TASK DESCRIPTION
Both the line containing "ГОСТ 10733-79, страница 18." and the line containing "fotocamera nikon wallpaper" belong to the span. Output exactly that span from the listing below, and nothing outside it.
========================================================================
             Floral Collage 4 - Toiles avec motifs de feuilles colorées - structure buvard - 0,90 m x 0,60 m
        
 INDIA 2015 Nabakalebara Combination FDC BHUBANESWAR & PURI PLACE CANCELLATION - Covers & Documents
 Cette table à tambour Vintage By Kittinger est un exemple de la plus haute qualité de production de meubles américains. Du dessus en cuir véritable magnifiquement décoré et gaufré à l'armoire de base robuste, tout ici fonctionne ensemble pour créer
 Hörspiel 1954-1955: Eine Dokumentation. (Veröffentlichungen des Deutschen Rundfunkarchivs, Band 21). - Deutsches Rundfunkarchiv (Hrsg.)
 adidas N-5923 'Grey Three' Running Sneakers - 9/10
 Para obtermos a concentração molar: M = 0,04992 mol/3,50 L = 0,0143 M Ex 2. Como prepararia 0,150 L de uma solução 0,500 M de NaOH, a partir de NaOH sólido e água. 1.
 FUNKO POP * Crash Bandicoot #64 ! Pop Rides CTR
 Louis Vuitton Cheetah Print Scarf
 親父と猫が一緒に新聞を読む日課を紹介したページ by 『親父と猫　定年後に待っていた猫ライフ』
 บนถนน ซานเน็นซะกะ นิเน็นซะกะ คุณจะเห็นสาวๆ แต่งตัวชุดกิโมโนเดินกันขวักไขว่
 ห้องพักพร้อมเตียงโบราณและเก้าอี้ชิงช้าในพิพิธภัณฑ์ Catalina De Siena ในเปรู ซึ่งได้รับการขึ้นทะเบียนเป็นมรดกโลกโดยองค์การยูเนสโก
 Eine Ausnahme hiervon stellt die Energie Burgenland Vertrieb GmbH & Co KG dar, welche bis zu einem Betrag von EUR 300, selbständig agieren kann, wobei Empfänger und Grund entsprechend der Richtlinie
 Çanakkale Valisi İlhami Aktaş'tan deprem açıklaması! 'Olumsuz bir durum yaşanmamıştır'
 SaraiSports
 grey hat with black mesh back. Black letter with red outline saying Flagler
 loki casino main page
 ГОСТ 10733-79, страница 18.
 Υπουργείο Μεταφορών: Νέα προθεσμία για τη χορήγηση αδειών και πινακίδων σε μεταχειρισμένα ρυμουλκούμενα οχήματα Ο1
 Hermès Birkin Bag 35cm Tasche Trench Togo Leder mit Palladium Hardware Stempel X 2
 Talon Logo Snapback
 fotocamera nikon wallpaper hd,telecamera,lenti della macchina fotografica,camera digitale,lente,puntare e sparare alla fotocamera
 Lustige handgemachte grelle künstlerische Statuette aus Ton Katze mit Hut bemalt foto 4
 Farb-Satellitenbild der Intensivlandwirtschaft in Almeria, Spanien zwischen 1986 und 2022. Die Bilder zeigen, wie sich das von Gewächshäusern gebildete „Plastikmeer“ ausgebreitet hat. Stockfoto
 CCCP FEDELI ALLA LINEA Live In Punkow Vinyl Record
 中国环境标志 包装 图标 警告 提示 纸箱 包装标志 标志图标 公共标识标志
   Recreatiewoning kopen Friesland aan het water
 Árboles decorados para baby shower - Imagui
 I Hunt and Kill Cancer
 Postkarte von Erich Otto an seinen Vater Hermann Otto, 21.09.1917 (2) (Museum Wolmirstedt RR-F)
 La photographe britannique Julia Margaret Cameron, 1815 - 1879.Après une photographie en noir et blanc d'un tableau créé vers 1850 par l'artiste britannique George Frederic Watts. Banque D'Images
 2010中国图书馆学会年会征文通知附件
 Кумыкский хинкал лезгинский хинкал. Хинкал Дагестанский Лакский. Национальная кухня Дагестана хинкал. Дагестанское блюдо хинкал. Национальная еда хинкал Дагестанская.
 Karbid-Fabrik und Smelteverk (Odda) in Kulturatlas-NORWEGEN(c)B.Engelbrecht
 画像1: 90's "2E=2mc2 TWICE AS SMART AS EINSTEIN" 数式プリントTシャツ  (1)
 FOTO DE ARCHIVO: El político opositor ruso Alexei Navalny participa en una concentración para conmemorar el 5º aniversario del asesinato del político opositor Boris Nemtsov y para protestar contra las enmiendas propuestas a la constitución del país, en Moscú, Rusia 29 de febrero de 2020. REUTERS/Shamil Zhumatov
========================================================================
ANSWER AREA
 ГОСТ 10733-79, страница 18.
 Υπουργείο Μεταφορών: Νέα προθεσμία για τη χορήγηση αδειών και πινακίδων σε μεταχειρισμένα ρυμουλκούμενα οχήματα Ο1
 Hermès Birkin Bag 35cm Tasche Trench Togo Leder mit Palladium Hardware Stempel X 2
 Talon Logo Snapback
 fotocamera nikon wallpaper hd,telecamera,lenti della macchina fotografica,camera digitale,lente,puntare e sparare alla fotocamera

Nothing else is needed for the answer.